When running on a Windows 2000, P III 600 I had no problems I moved to the faster rig and the newer OS problems. I did do some problem free editing a week ago. The only thing I can figure out that I have changed is I added the DV200 drivers. I have uninstalled the drivers and I still have the problems that several people have noted before and what Adobe called a XL1 problem.

So if that is true why was able to edit fine before and now Jagged Pictures Presents?

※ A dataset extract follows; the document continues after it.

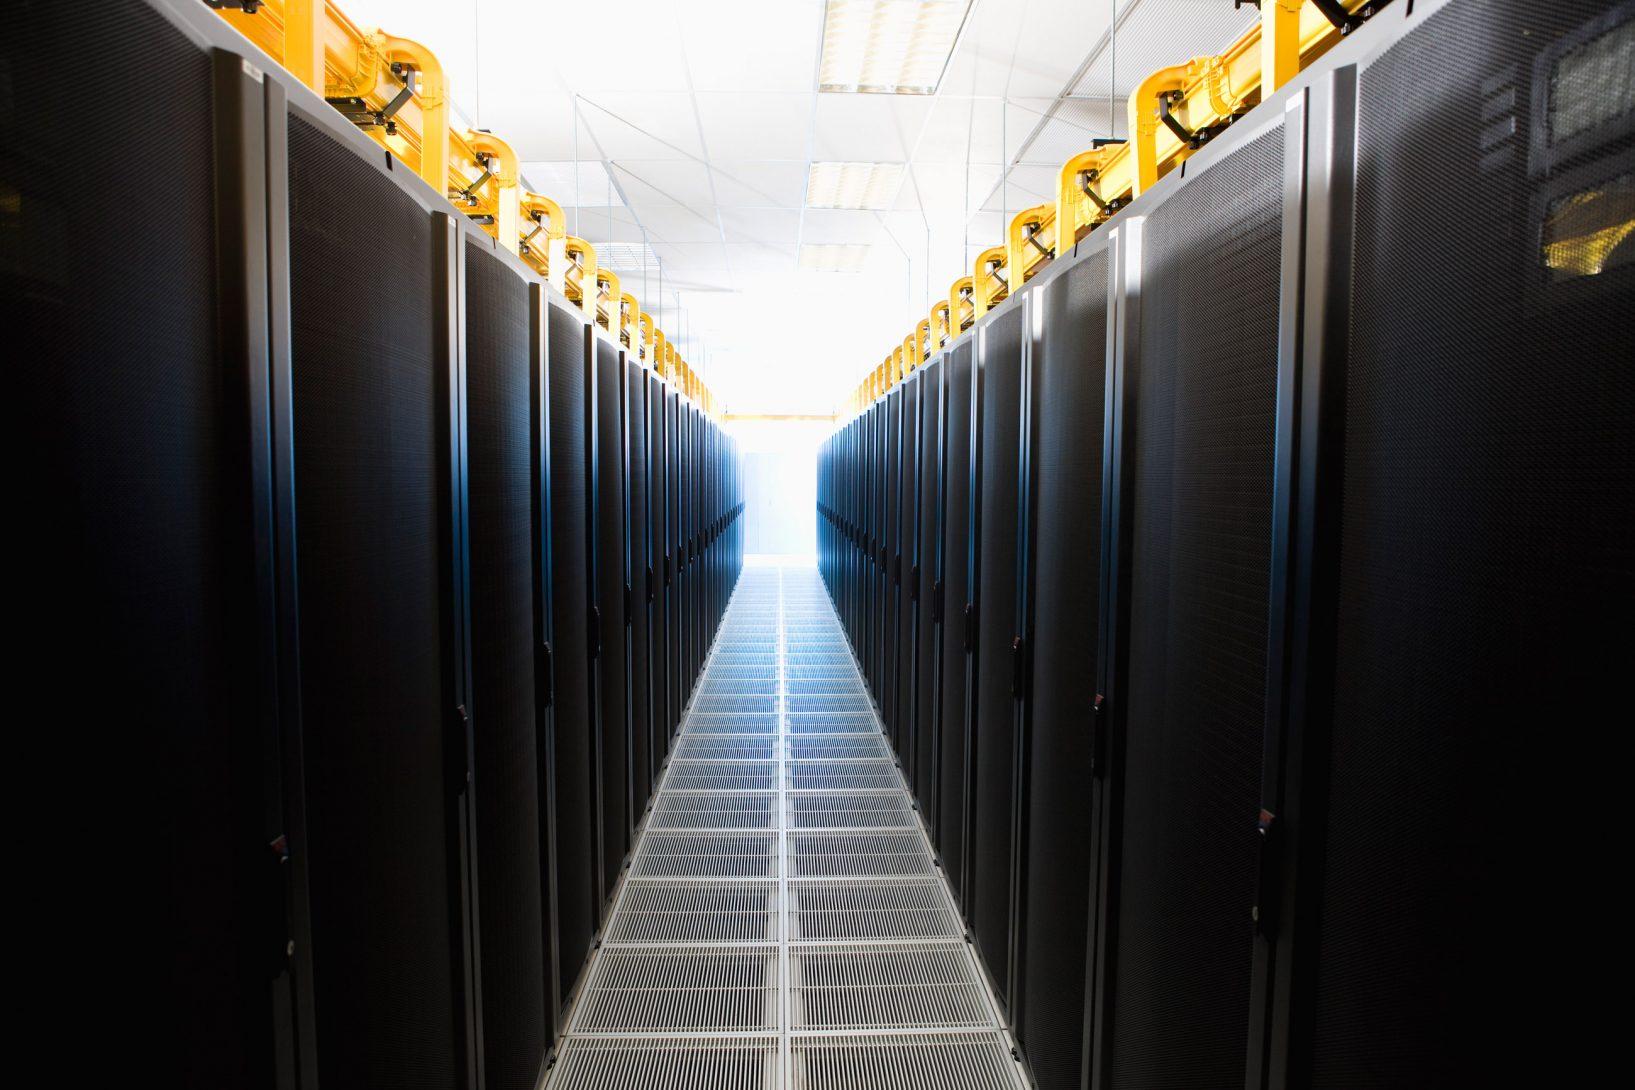 1534579778sap data center 1 1635x1090
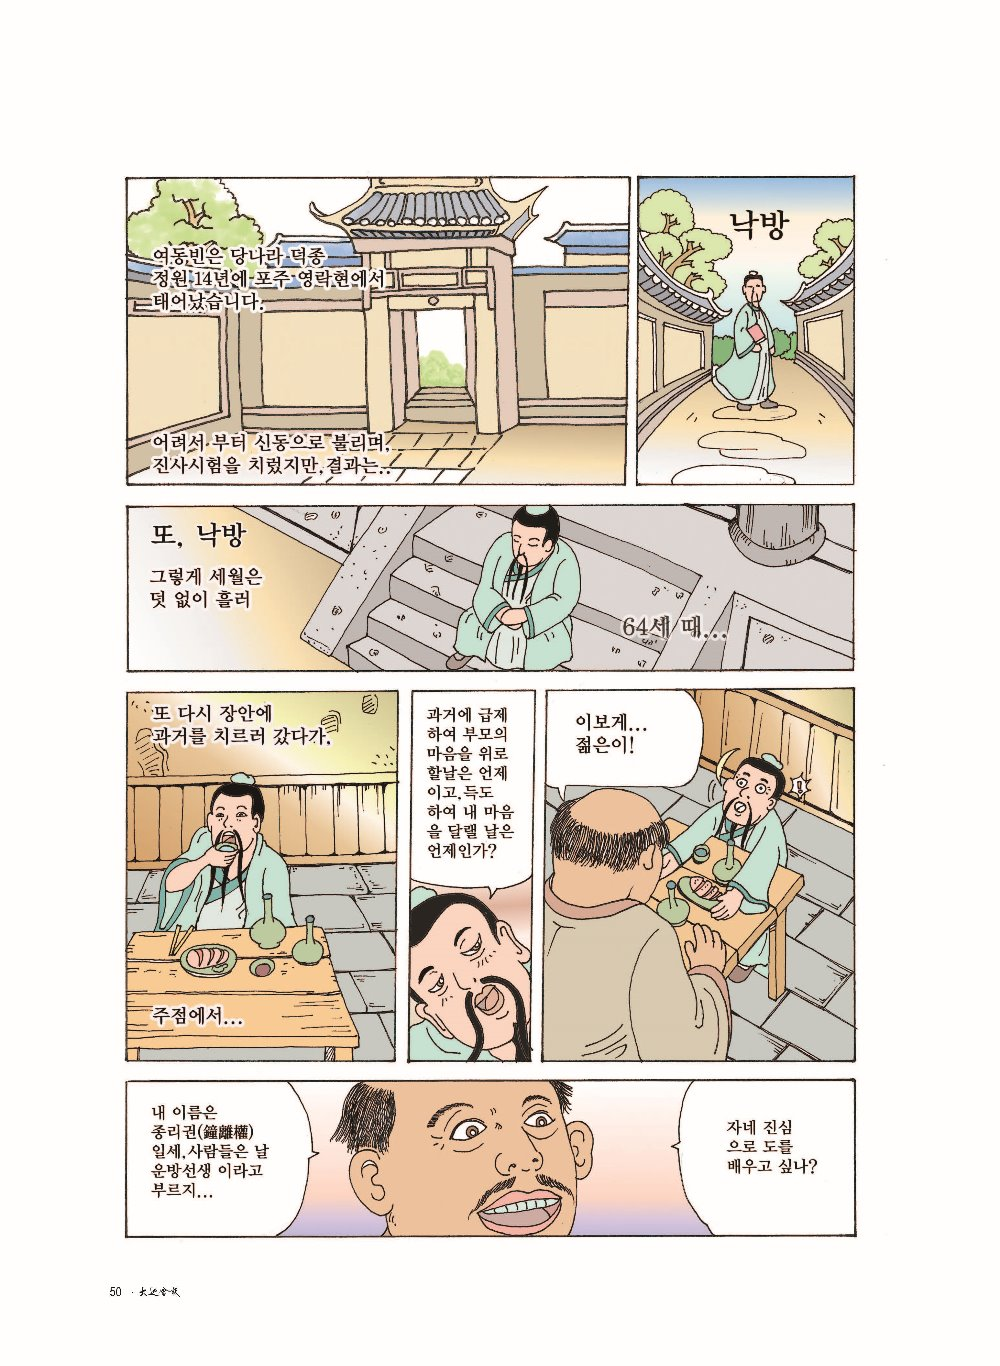 Daesoon_158_만화_페이지_3.jpg

I thought Mini DV was Mini DV. If I shoot in a Canon XL1s are my shots going to suffer because I am using a JVC Cyber Cam to dump them into the computer? If I get a JVC Dual Deck (Mini DV, SVHS) are my shots going to look worse? Will the computer be able to read the tape?

Your thoughts?

Best regards,
James Rulison

Adrian Douglas
April 9th, 2002, 11:46 AM
Mate, I'd go back to Win2000. The Pinnacle drivers for XP are new, so is XP. Go back to Win2000, give it about 6 months, then try XPagain with service packs, updated drivers etc.

It most likely isn't an XL1 with Premiere problem

James Rulison
April 9th, 2002, 11:56 AM
But see here is the problem, I really think it's a Pinnacle issue. If I use the Pinnacle drivers and upgrade Premiere at all 6.01 or 6.02 (Windows 2000 or XP) suddenly I have to render the entire clip without adding anything to the clip just the clip. If I press preview it wants to render every frame.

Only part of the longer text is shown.